寺尾氏 そこは、こうご期待です。パケットマイレージを始めるときに、メールアドレスを取っていますが、それはYahoo!のログインアドレスそのものです。2年間地味にやって、見えないところでの連携は相当進んでいます。Yahoo!でこれからやるサービスも、全部その上に乗ってくる。そういうものを、2年間かけて構築しました。

 最初は店頭でアシストしながらでしたが、最近はお客さん自身でYahoo!と連携していただけるようにもなってきました。時間はかかりましたが、これで次のフェーズに入れます。夏にわれわれの会社(ブランド)は3周年です。会社が変わって今に至るので、何が3周年かはよく分かりませんが(笑)、そういったことも3周年に向けて仕込んでいます。

―― 上位レイヤーとの連携ですが、MVNOでは特定のサービスやアプリの通信料を無料にするということも行われています。新しいところではLINE MOBILEもありますが、Yahoo!を無料にということは考えなかったのでしょうか。

寺尾氏 常に検討はしていますが、そうすることが本当にいいのかが分かりません。ネットの中立性など、難しい議論は取りあえず置いておいたとしても、お客さんから見てどうなのか。というのも、Yahoo!もLINEも、お客さんから見ればもともとタダというイメージで、さらにその通信料がタダといったところで、本当に伝わるのかが疑問です。

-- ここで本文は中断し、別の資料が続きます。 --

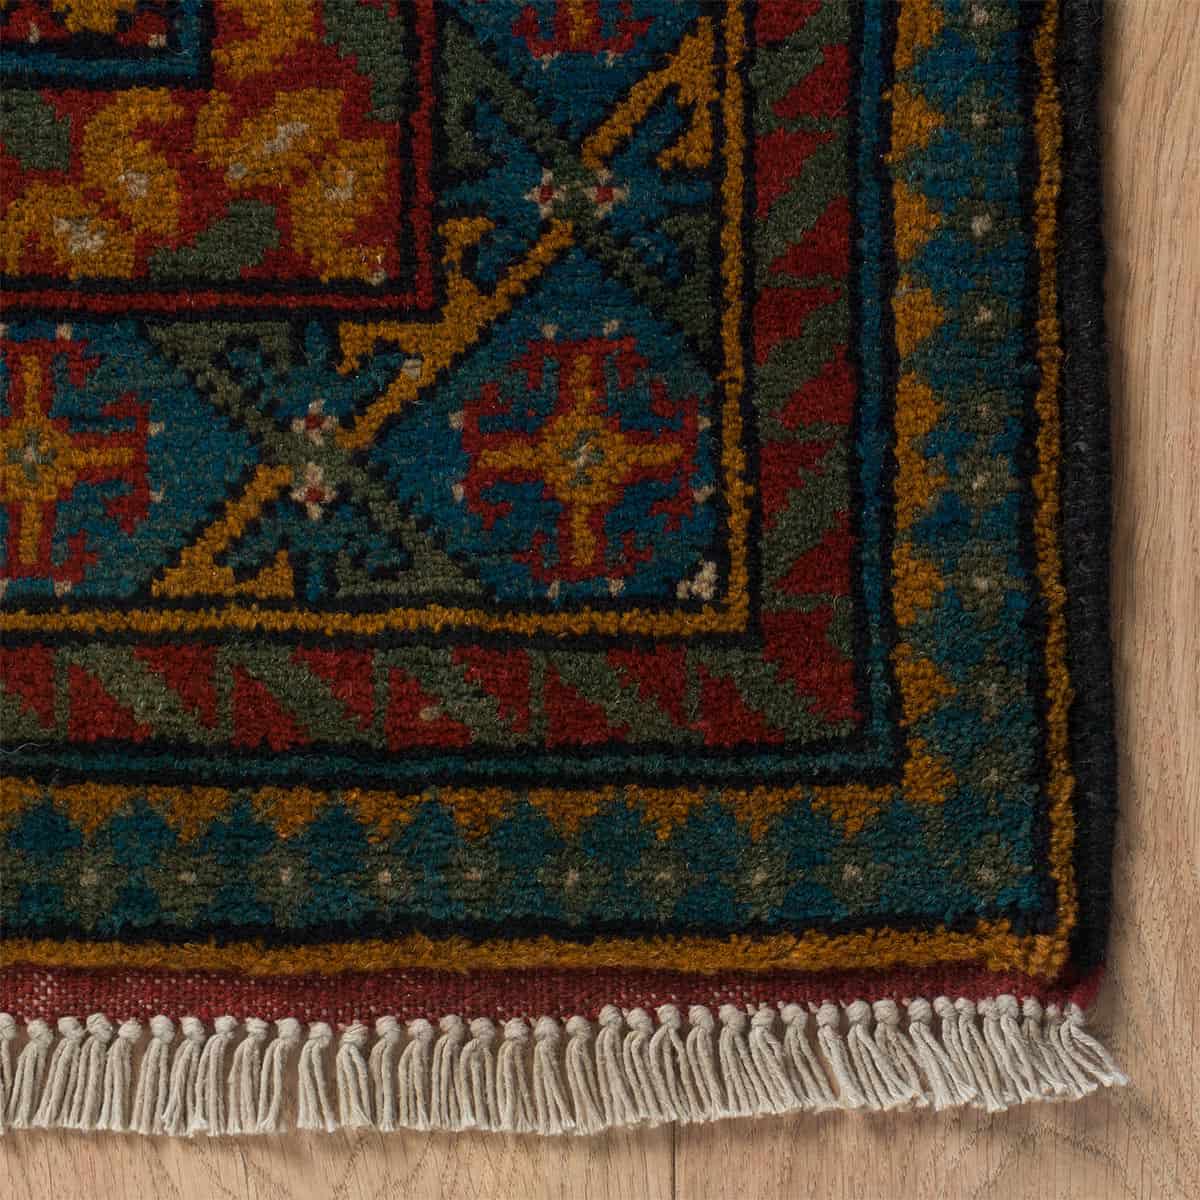 אחצ'ה דוגמה מיוחדת 00 צבעוני 105x146 | השטיח האדום

 Yahoo!をタダにしようというのはシナジーを検討していたころからありましたが、これも1GB(のデータ容量を)増量してあげれば全て解決する(笑)。動画をタダというのだと、また話は別ですが。一方で、(電子書籍を)1冊売ったらデータ料を含めていくらというビジネスモデルもあってもいいと思いますし、そういうことができるのがビジネスのパラダイムシフトです。例えば動画が1本300円なり500円なりで、その中にデータ通信料まで含まれているというのはいいと思いますね。